SchrodingerZhu · 2020-03-22T13:24:29Z

I saw an interesting issue at mimalloc: microsoft/mimalloc#201.

It seems that on Windows memcpy does not invoke SIMD instructions by default. I remember that musl memcpy does not use SIMD directly either, though it is written in a way that makes the compiler feel happy to optimize.

There are three cases of memcpy in snmalloc. Therefore, perhaps writing memcpy using SIMD instructions directly on some platforms may result in a better performance.

davidchisnall · 2020-03-22T14:47:43Z

One of the problems with this kind of optimisation is that it's very, very microarchitecture specific.
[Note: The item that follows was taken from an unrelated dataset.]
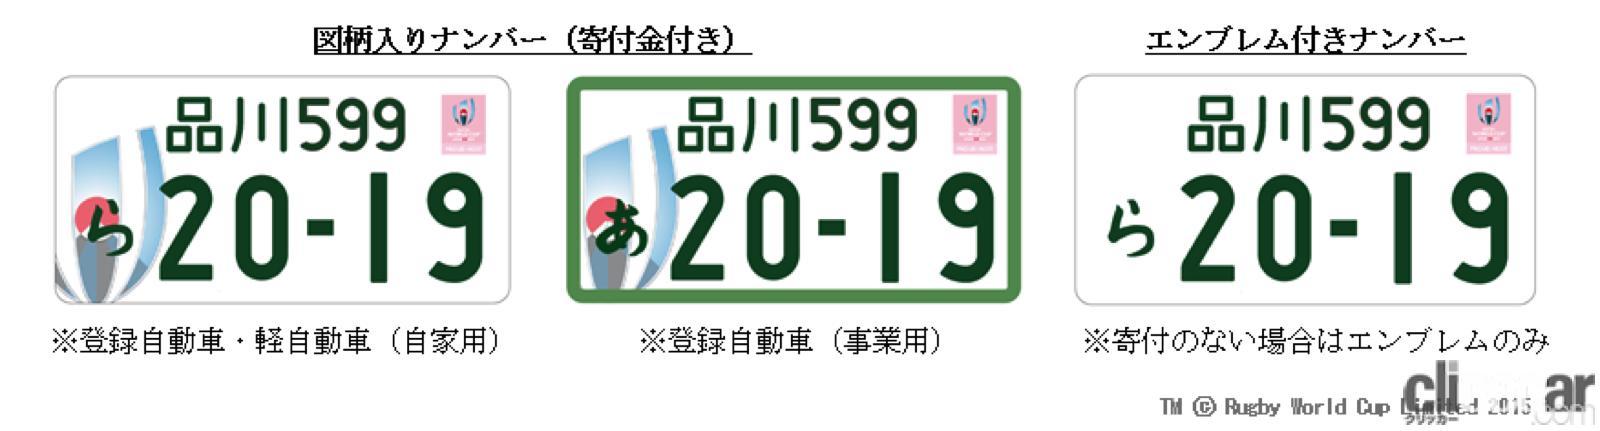 「軽自動車の黄色ナンバーが嫌な人が38%!9月に終了する白い東京オリパラ特別ナンバーの後継はある? 」の4枚目の画像

John Baldwin (FreeBSD) did some analysis of different memcpy implementations on x86 using SSE and AVX instructions (two SSE versions, one AVX, if I remember correctly). There was no consistent winner across all Intel and AMD platforms. On the most recent Intel chips, the `rep movsb` sequence is supposed to outperform SSE-based memcpy.

I'd much rather make this a problem for the host platform. On Linux / *BSD, it's quite common to use `ifunc`s to select the optimal memcpy for the current microarchitecture. I believe Windows now does something similar.

If a memcpy size is known at compile time, then it can make sense to inline it, but otherwise shipping our own version would mean that we can't take advantage of future performance / security improvements. This is similar to the OpenSSL problem of providing its own malloc: it was faster than the malloc that shipped with most *NIX systems in the '90s, but 15 years later it was still in use, slower than most system mallocs, and less secure. The end result was Heartbleed.

SchrodingerZhu · 2020-03-22T15:26:35Z

Yep. I also saw that @daanx was hesitant about this as it is too dependent to architectures. Similarly, mimalloc is also using copy for realloc. I think this is the only case that when memcpy can become a concern in both projects. However, if the influence of memcpy is not that much in the view of overall performance, I also agree that keep it to the platforms' default is a wiser choice.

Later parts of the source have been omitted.